The "release" phase is as important as the contraction. Many men hold residual tension without realizing it, which prevents proper strengthening. Focus on fully letting go each time.

Do one set lying down, one set seated, one set standing. Changing positions trains the muscle to engage in functional contexts, not just at rest.

Rest 60 seconds between sets. Total daily time: approximately 10 minutes.

Weeks 3–4: Resistance and Quick Contractions

Weeks 3–4

Building Strength and Speed

4 sets per day. Sets 1–2: 10 reps, hold 10 seconds, release 10 seconds. Sets 3–4: 20 rapid contractions (1 second on, 1 second off).

The long-hold sets build endurance in the ischiocavernosus — the capacity to maintain compression during sustained activity. The rapid contractions train the quick-twitch component, which is what fires during the spontaneous contractions that occur during erection.

By Week 3, you should notice the muscle is easier to find and more reliably isolated. If you're still recruiting glutes or abs significantly, add another week at the Week 1–2 protocol before progressing.

Weeks 5–6: Functional Integration and Progressive Load

Weeks 5–6

Performance Integration

5 sets per day. Sets 1–2: 10 reps, hold 15 seconds. Sets 3–4: 30 rapid contractions. Set 5: maximum hold — contract as firmly as possible and hold for as long as possible (target 20–30+ seconds by end of Week 6).

Add context-specific training: practice brief pelvic floor contractions during movement — when walking, climbing stairs, during light exercise. The goal is to develop the muscle's ability to engage when it's needed, not just when you're lying still thinking about it.

Some clinicians also recommend practicing a deliberate contraction at the moment of penile engorgement — essentially practicing the muscle activation in real sexual context. Whether this feels natural will vary, but for men working through venous-dominant dysfunction, it can be meaningfully effective.

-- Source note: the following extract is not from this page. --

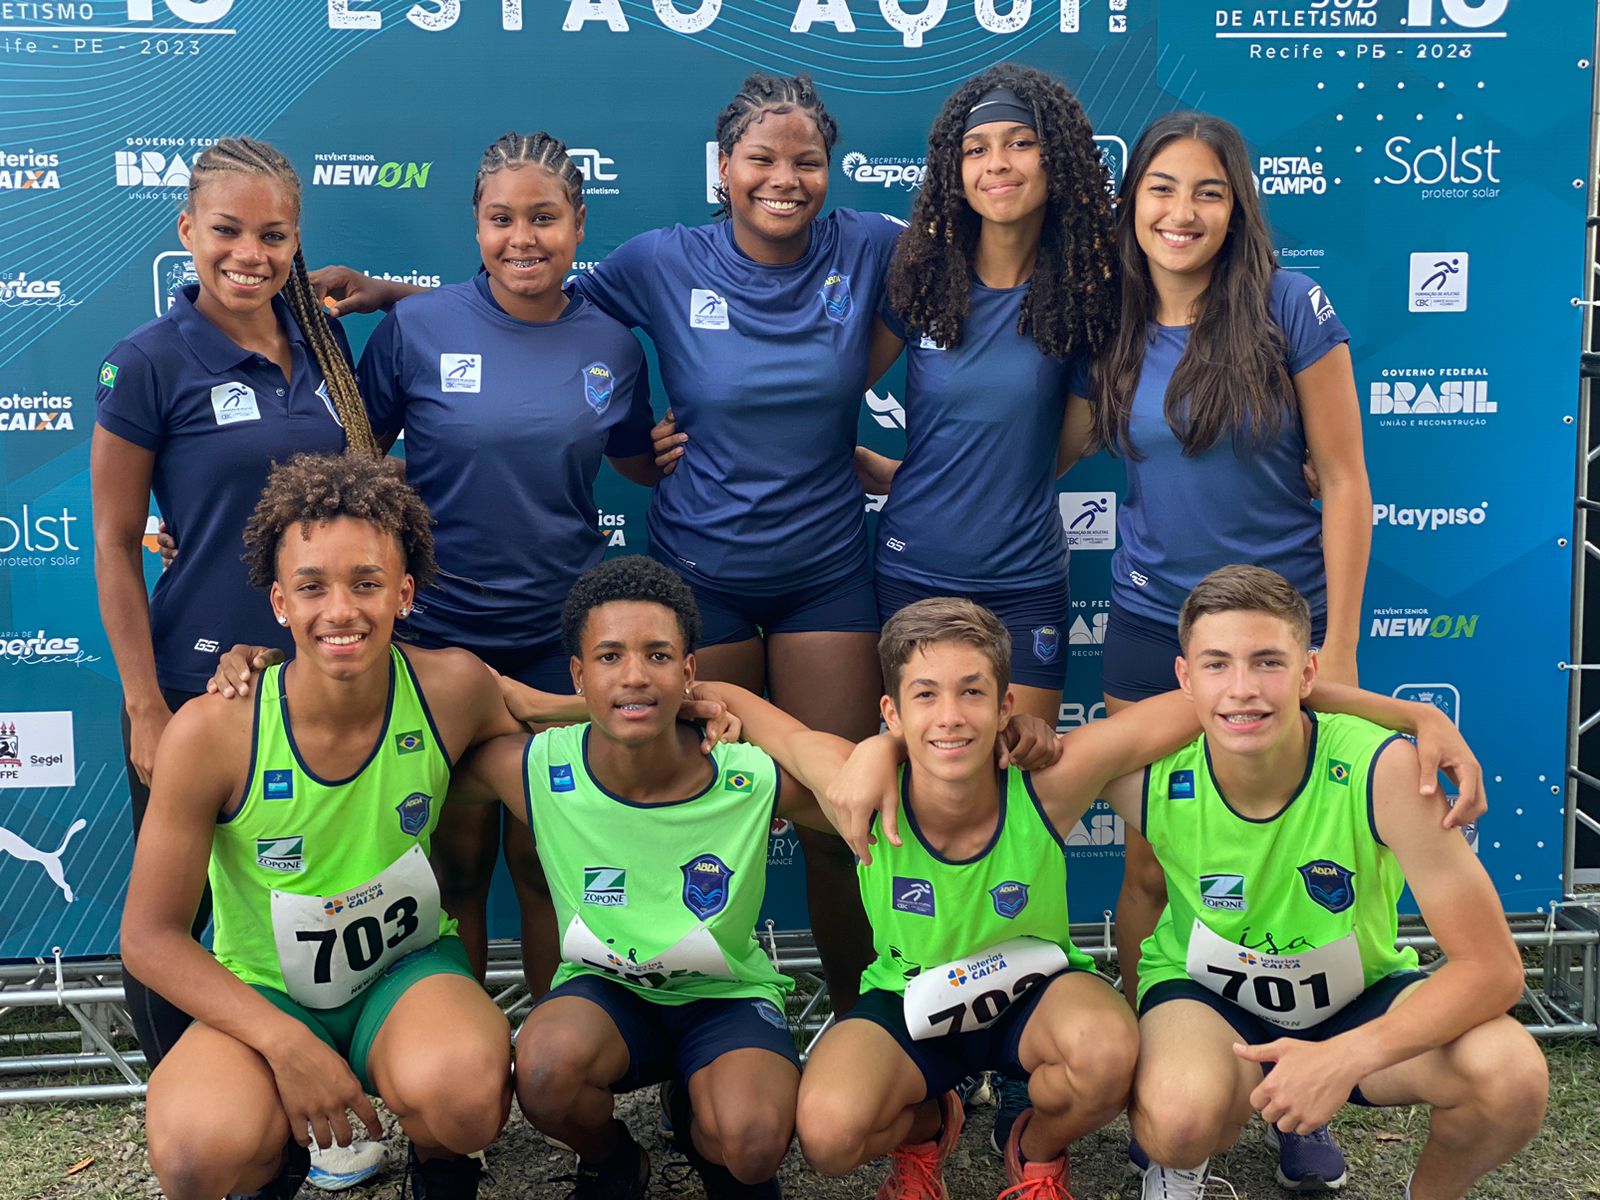 ABDA participa com 8 atletas do Campeonato Brasileiro Sub-16 de atletismo

"40% of participants achieved normal erectile function through pelvic floor training alone. No medication. No devices. Just consistent muscle rehabilitation over 12 weeks."

What Derails Most Men Who Try This

How Pelvic Floor Training Compares to Medication Long-Term

PDE5 inhibitors — sildenafil, tadalafil — have a well-documented acute effect. Take the medication, erections improve. Stop taking it, and for most men the underlying condition hasn't changed.

Pelvic floor training doesn't work acutely — the first week produces no noticeable effect in most men. But the gains from muscle strengthening are structural. Muscle tissue that has been built doesn't disappear when you stop the intervention (within normal maintenance parameters). Several studies following men 6 to 12 months after completing pelvic floor protocols show that the improvements persist.

A 2010 review in Therapeutic Advances in Urology compared pelvic floor training to PDE5 inhibitors in men with mild to moderate ED and found comparable outcomes at the 12-month mark, with the pelvic floor group maintaining improvement more consistently over time.

The two are not mutually exclusive. Some men use medication to restore confidence while building pelvic floor strength, then taper the medication as muscle function improves.

When Pelvic Floor Work Isn't Enough on Its Own

Pelvic floor training addresses the muscular component of erectile function. It doesn't address arterial insufficiency, nerve damage, hormonal imbalance, or severe venous structural abnormalities.

If you've completed 8 to 12 weeks of consistent pelvic floor training and see no improvement, this is diagnostic information: the cause of your ED is likely not primarily muscular. That warrants a more thorough evaluation — blood panel for testosterone and metabolic markers, cardiovascular risk assessment, and potentially a urological workup including Doppler ultrasound.

For men with moderate to severe arterial ED, pelvic floor training may improve baseline function modestly but won't overcome a significant blood flow deficit. For men whose main issue is venous leak, it's often highly effective because it directly strengthens the muscles responsible for venous compression. Knowing which category you're in matters.